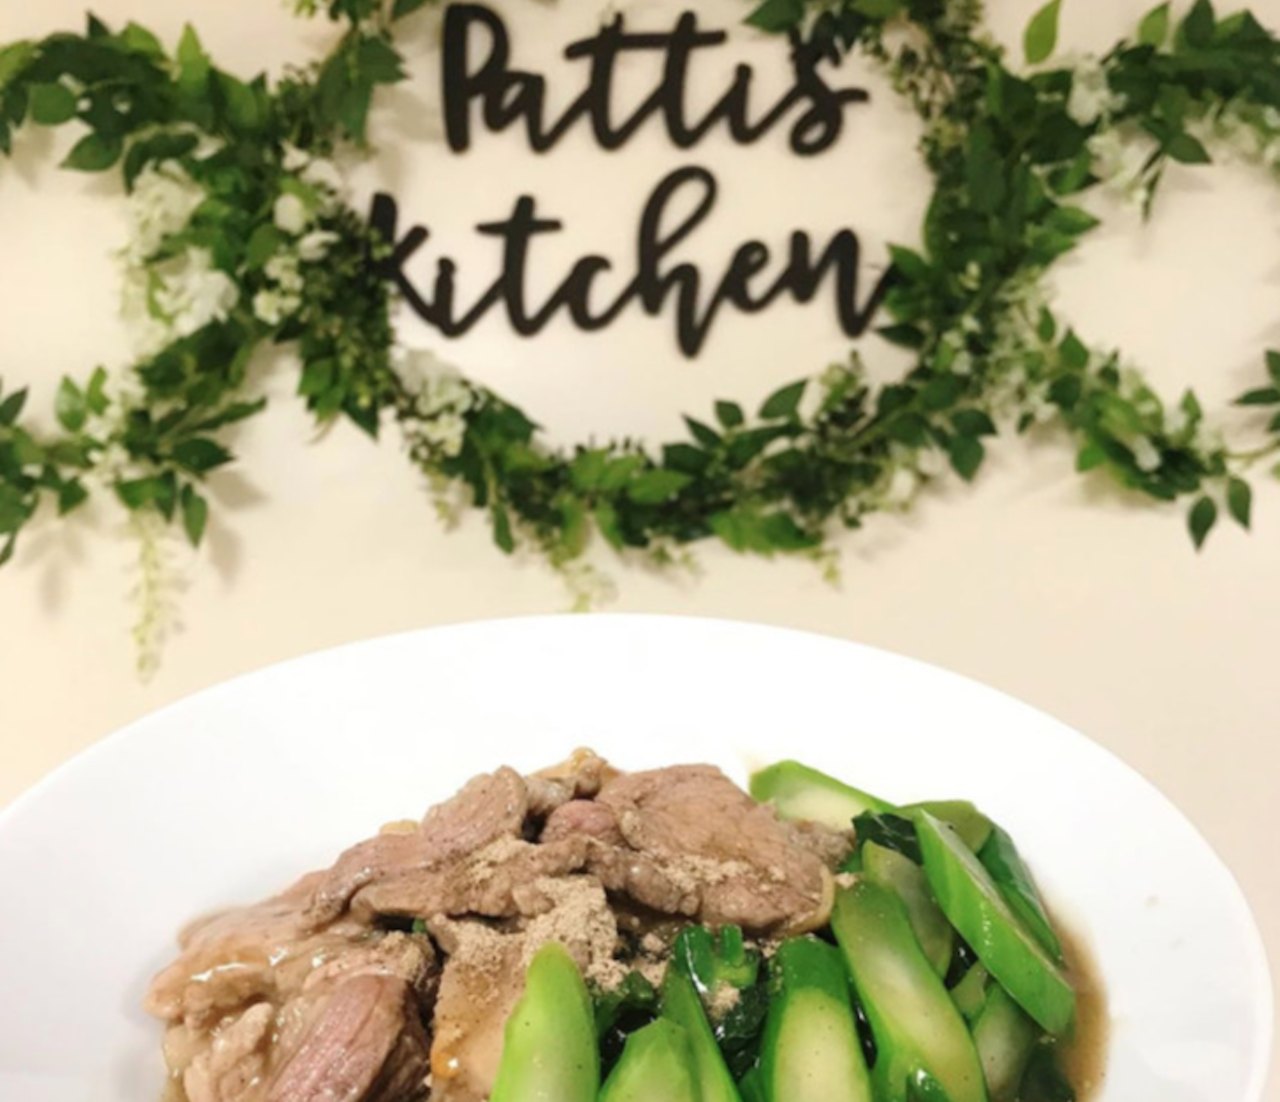 Patti&#146;s Kitchen
6527 Park Blvd., Pinellas Park
Slurp down some Thai street noodle soup at Patti&#146;s Kitchen in Pinellas Park. Keaw Nam, made with homemade pork wonton, Tew Ped Toon, served with steamed duck, herbal duck soup and Chinese broccoli, and pad thai, are all made there.
pattiskitchen/Instagram

TASK PROMPT:
Please go through the data above and copy every line that has the word "Pinellas".

RESPONSE BELOW:
6527 Park Blvd., Pinellas Park
Slurp down some Thai street noodle soup at Patti&#146;s Kitchen in Pinellas Park. Keaw Nam, made with homemade pork wonton, Tew Ped Toon, served with steamed duck, herbal duck soup and Chinese broccoli, and pad thai, are all made there.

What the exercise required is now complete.